LEfSe analysis (LDA score > 4; p < 0.05) revealed significant intergroup differences in microbial biomarkers (Figure 3D,E). Specifically, the BF group demonstrated pronounced enrichment of Proteobacteria, Lactobacillaceae, Escherichia-Shigella, Klebsiella, and Bifidobacterium dentium. In contrast, the CF group was characterized by elevated abundances of Lactobacillales, Enterococcus, and Streptococcus, whereas the LF group showed dominant representation of Ruminococcaceae, Veillonellaceae, Lachnospiraceae, and Faecalibacterium.
Figure 3F showed the alpha diversity indices of infant fecal microbiota, such as observed features, Chao1, Shannon, and Simpson indices. The results demonstrated that the LF group exhibited significantly higher values of both observed features and the Chao1 index compared with the BF and CF groups (p < 0.01). In contrast, the CF group showed a higher Simpson index level (p < 0.05).
Based on the Bray–Curtis distance, beta diversity analysis revealed that the microbiota composition of the LF and CF groups was not significantly different from that of the BF group (Figure 3G).

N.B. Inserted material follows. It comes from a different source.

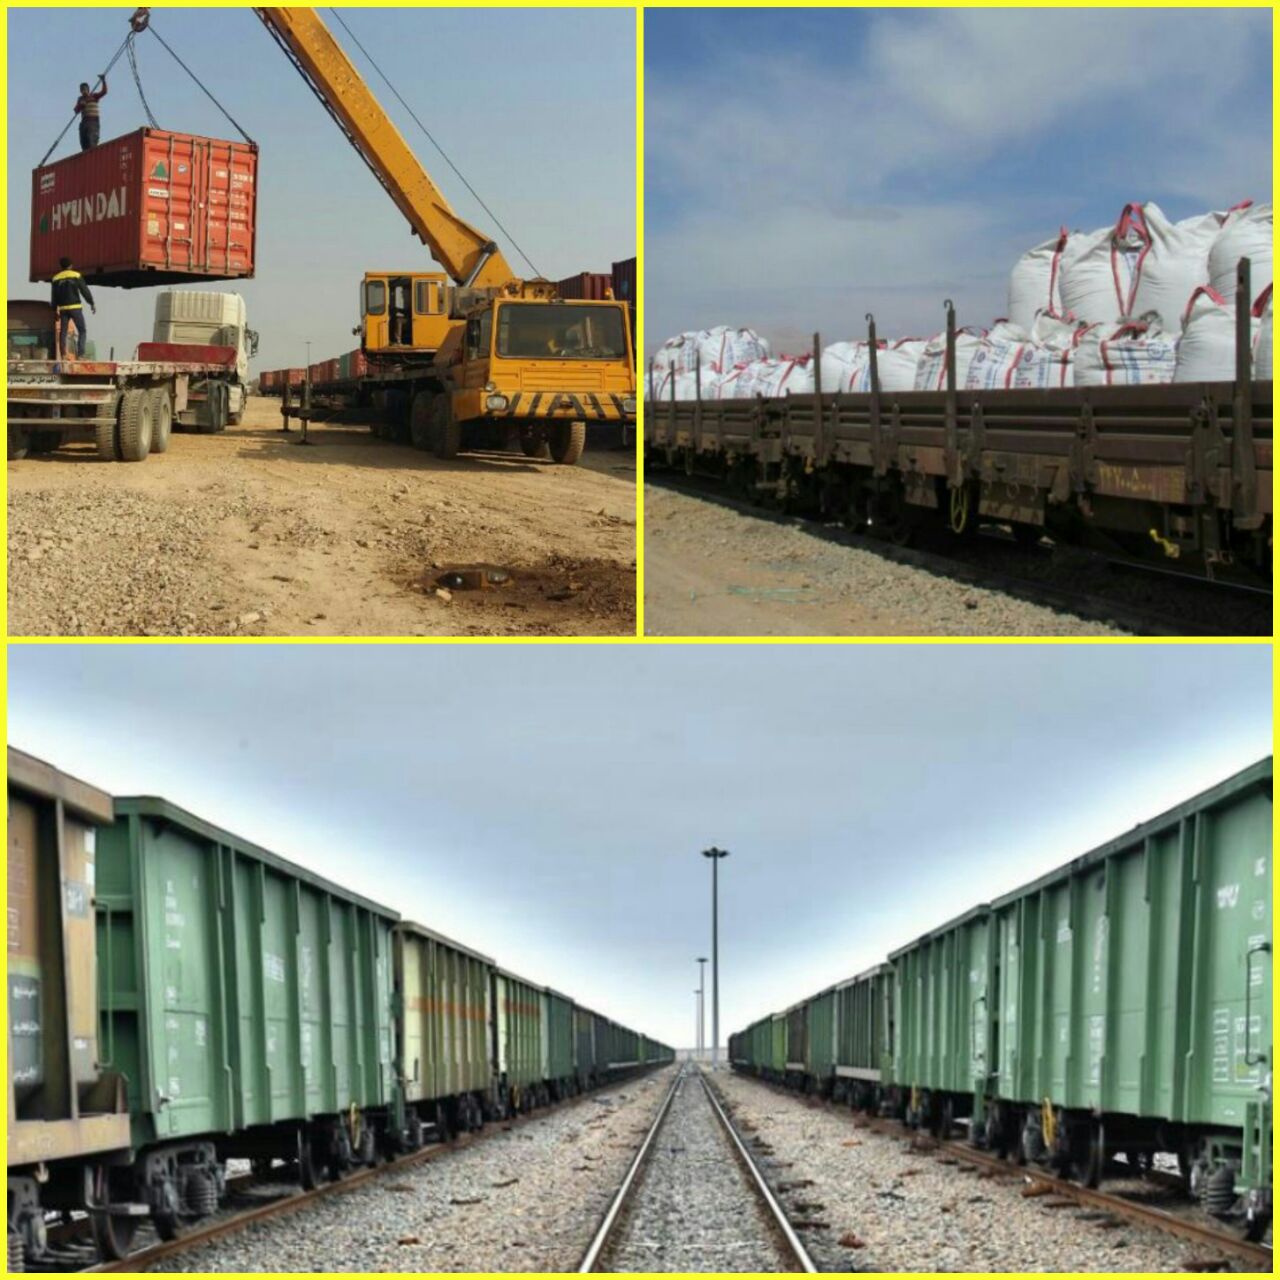 بالاترین سرعت بازرگانی برای راه آهن شمالشرق۱ ثبت شد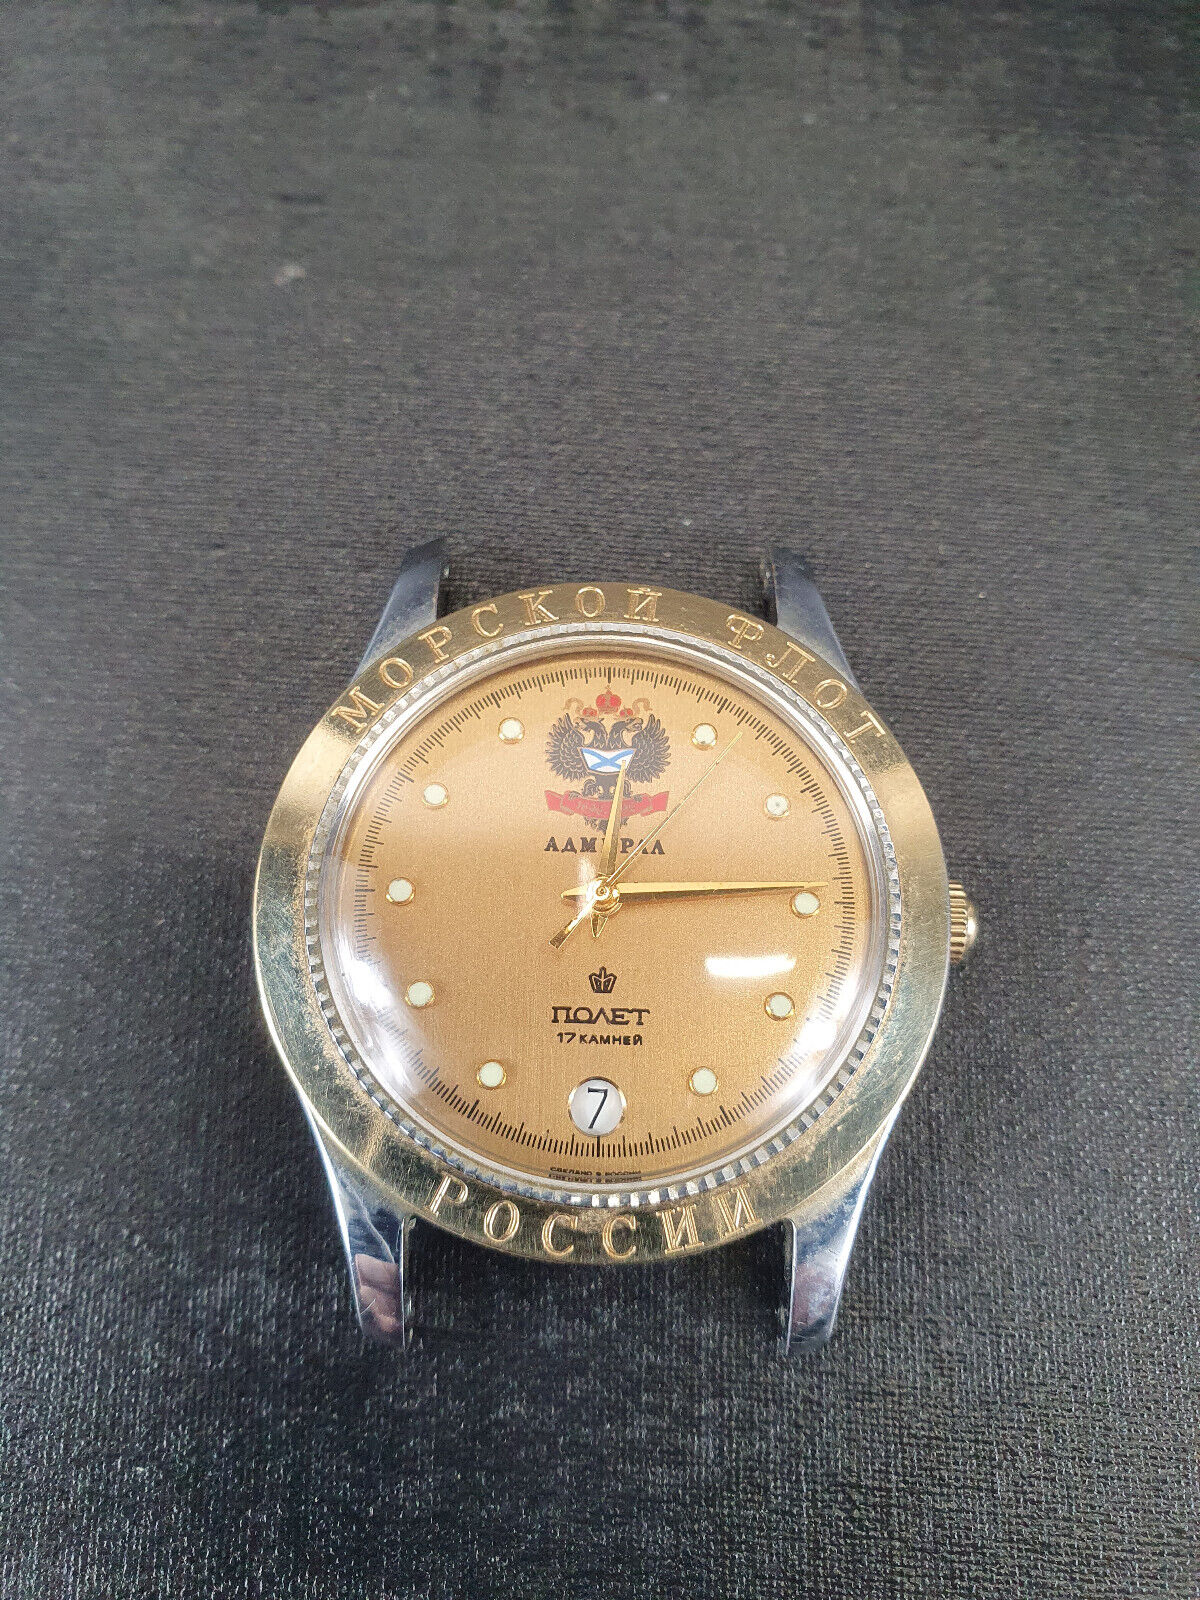 DECK USSR Marine Chronometer Watch POLJOT Kirova 53303 22 jewels | eBay

The principal coordinate components PC1 and PC2, which explained the most variation in the data, accounted for 17.08% and 14.52%, respectively.
Figure 3H illustrates the differential metabolic pathways of the gut microbiota across different feeding groups. The results revealed significant intergroup variations in lysine fermentation pathways to acetate/butyrate and lysine biosynthesis pathways. Specifically, fecal samples from infants in the LF group exhibited significantly higher expression of lysine fermentation pathways producing acetate, butyrate, and propionate, alongside markedly reduced lysine biosynthesis activity, compared with the other groups (p < 0.01), which indicated that LF formula might promote the microbial conversion of lysine into acetate, butyrate, and propionate rather than endogenous lysine synthesis.

4. Discussion

Infant nutrition serves as a cornerstone for lifelong health, with early feeding practices critically influencing growth trajectories and gastrointestinal development. This real-world study investigated the effects of lactoferrin-fortified formula on infant growth, gut microbiota, and feeding challenges, using propensity score matching (PSM) to mitigate confounding and provide robust evidence for clinical practice. This study demonstrates that LF feeding is associated with superior linear growth (higher LAZ scores) in infants, potentially mediated through its beneficial modulation of gut microbiota. LF feeding shapes a distinctive microbial profile enriched with commensal taxa and enhances metabolic pathways for short-chain fatty acid (SCFA) production, which may contribute to improved nutrient metabolism. Furthermore, LF-fed infants exhibited better feeding tolerance, as evidenced by significantly fewer caregiver-reported feeding difficulties.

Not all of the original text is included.